→ MATERIAL TO PROCESS:
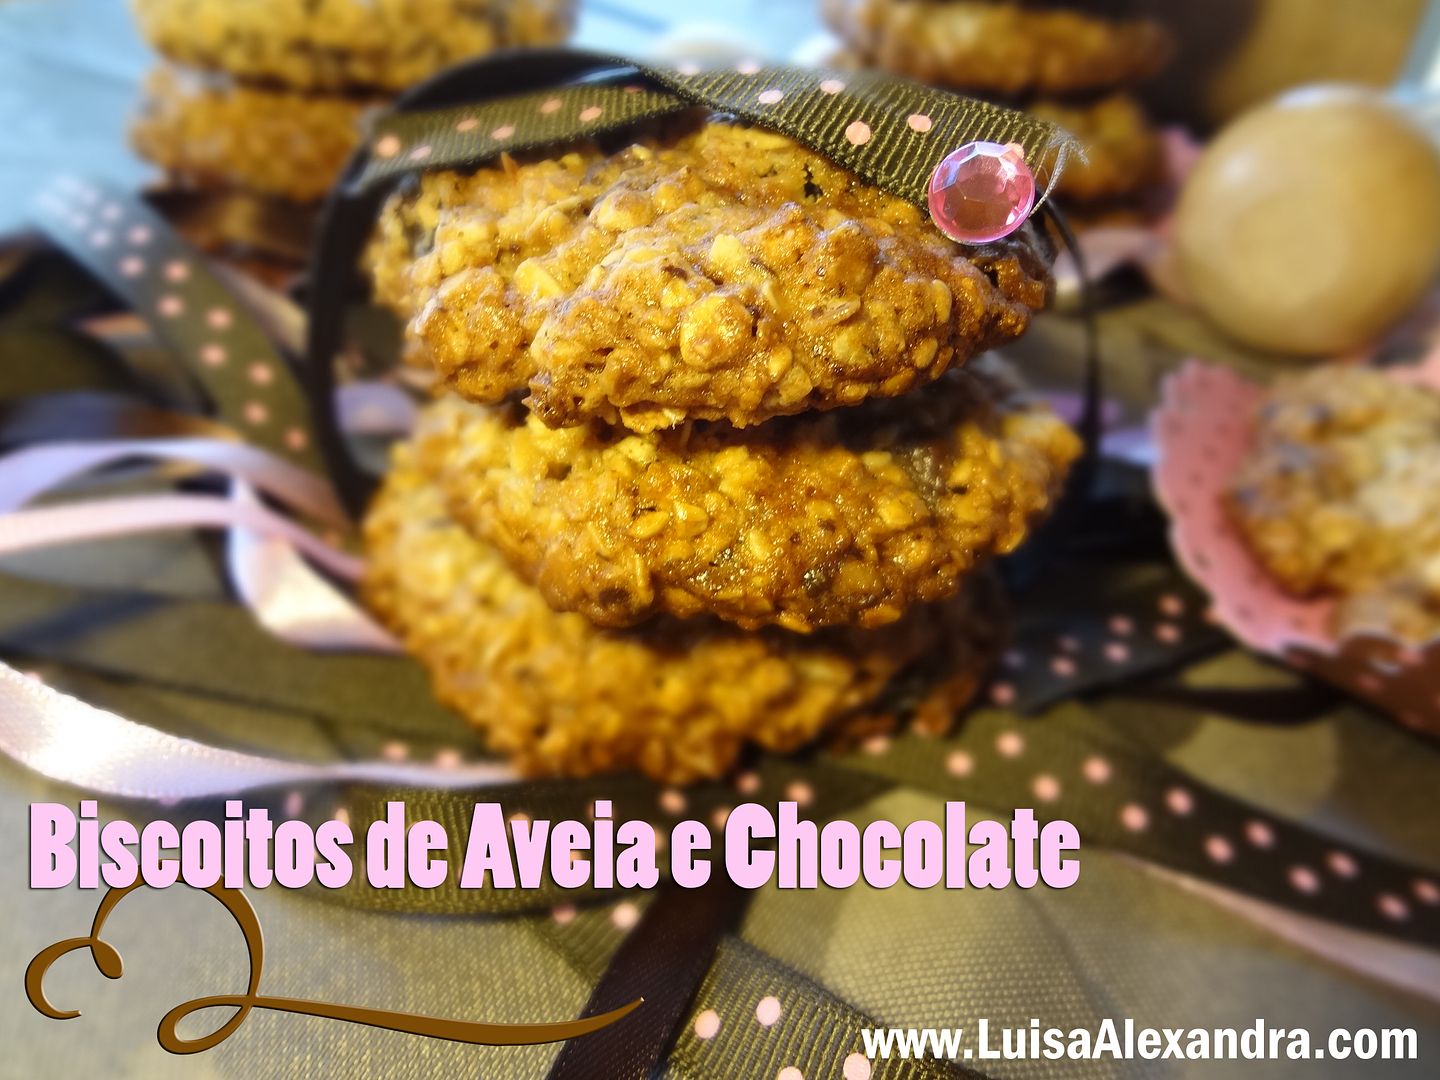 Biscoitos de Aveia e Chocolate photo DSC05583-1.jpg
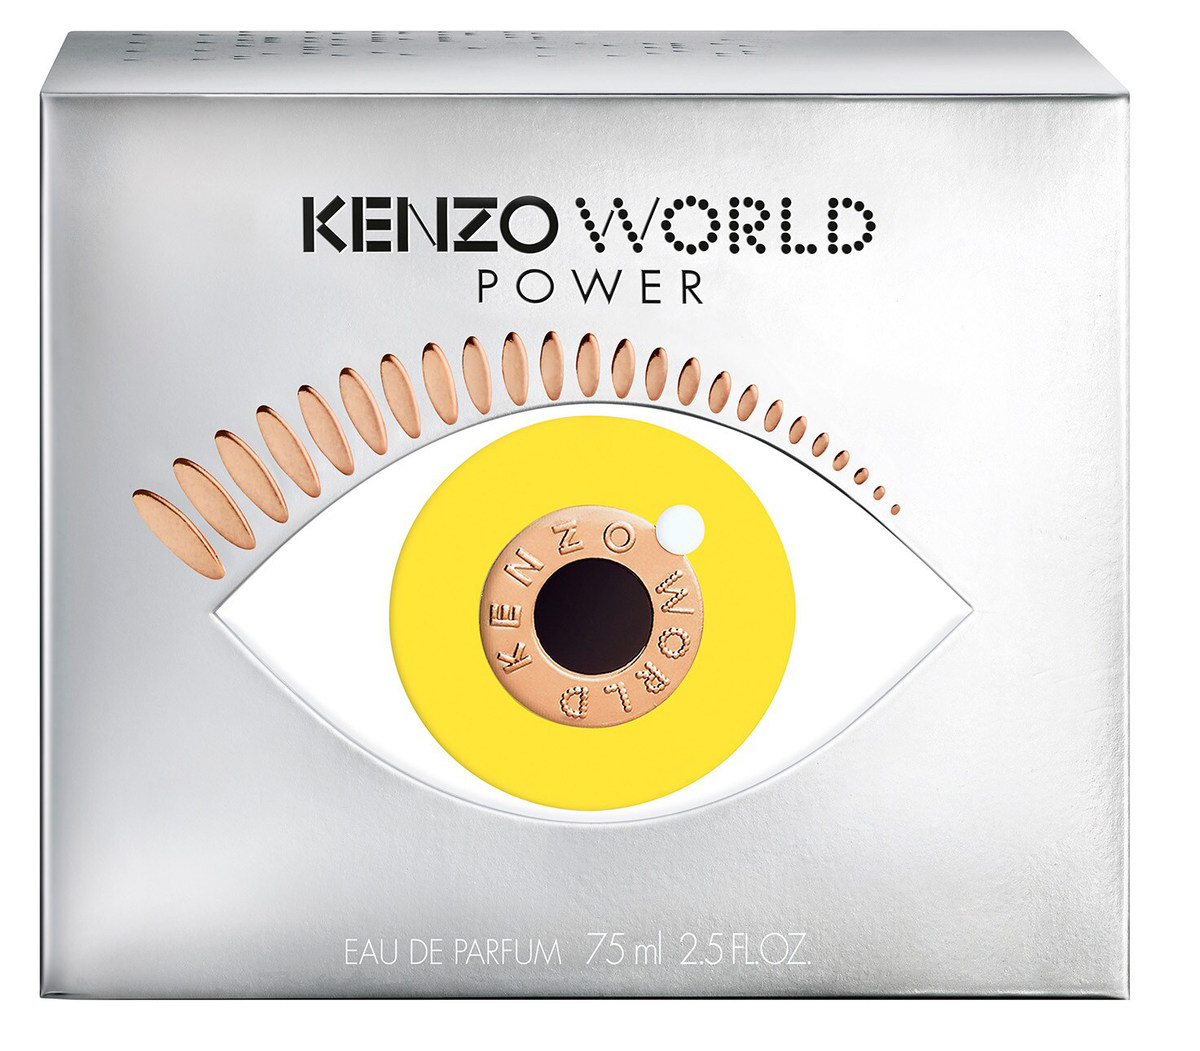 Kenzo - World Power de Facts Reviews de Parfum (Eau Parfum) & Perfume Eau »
...
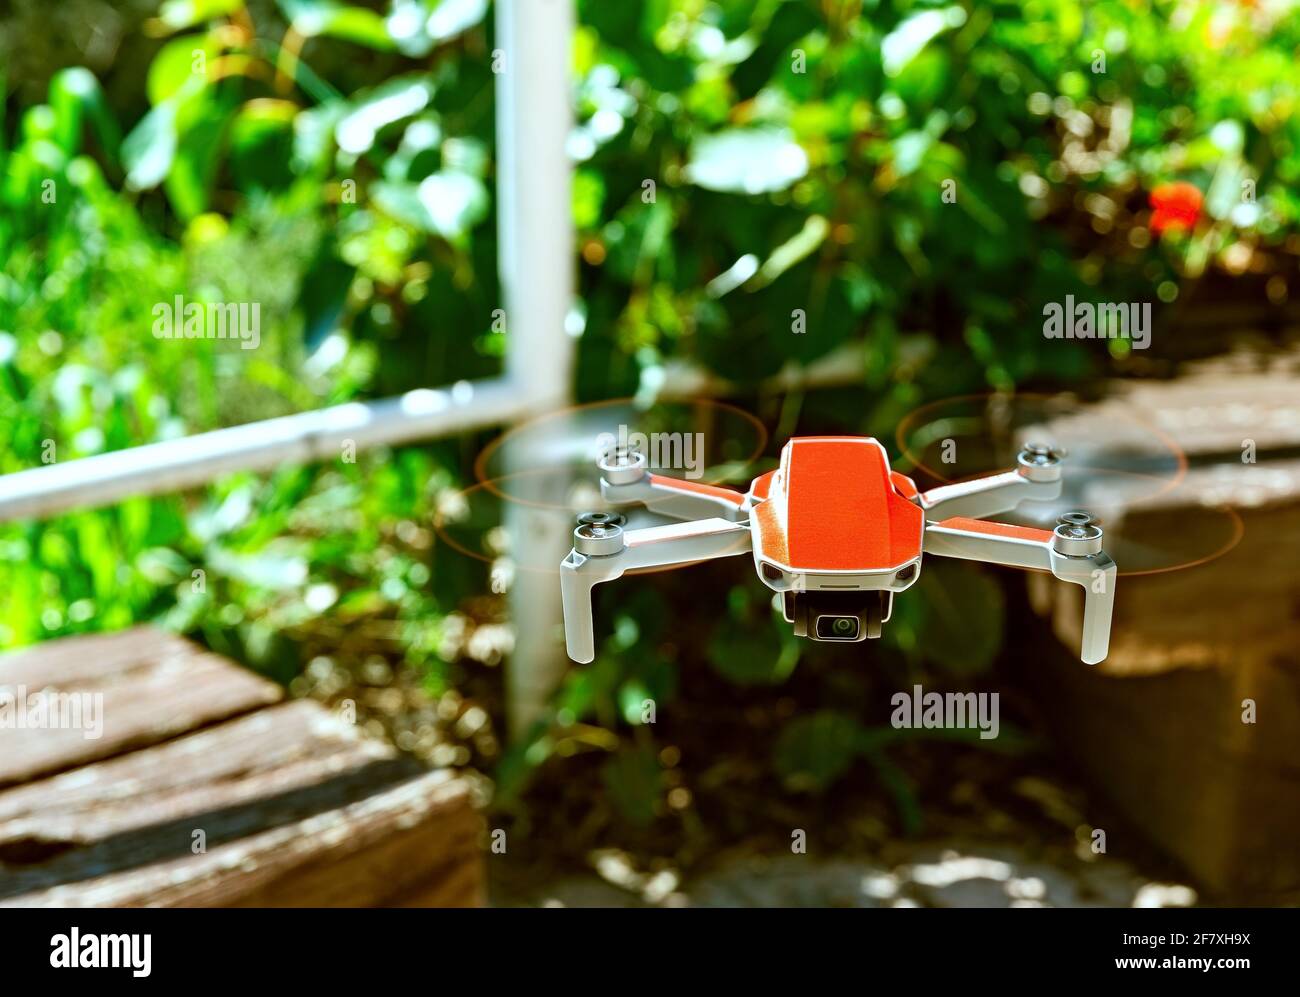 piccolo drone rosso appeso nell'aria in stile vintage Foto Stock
...
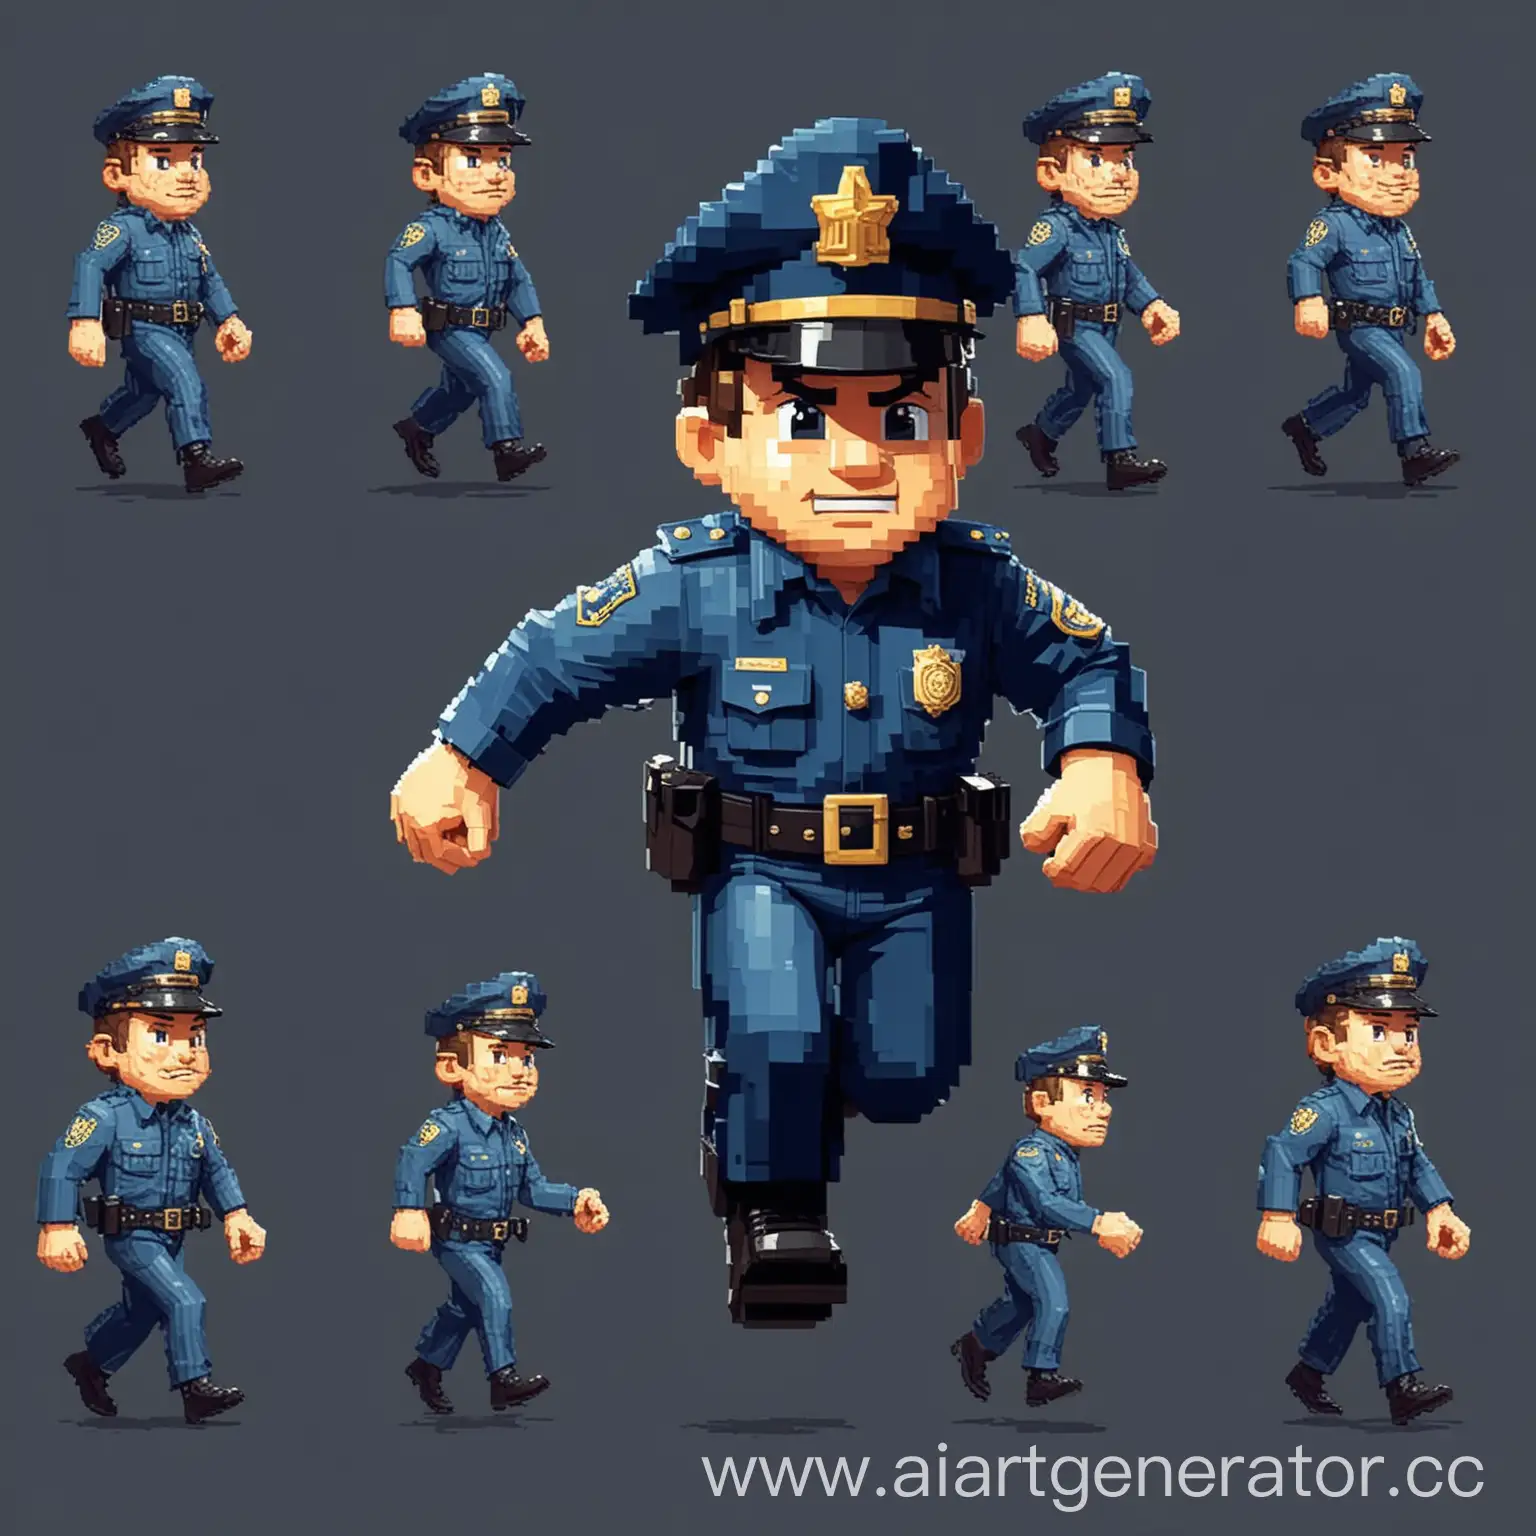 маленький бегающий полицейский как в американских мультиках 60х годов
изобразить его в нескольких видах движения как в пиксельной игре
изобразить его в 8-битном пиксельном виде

→ PROBLEM STATEMENT:
Find the lines in the records that contain the word "изобразить", then copy every one of them.

→ SOLVED EXERCISE:
изобразить его в нескольких видах движения как в пиксельной игре
изобразить его в 8-битном пиксельном виде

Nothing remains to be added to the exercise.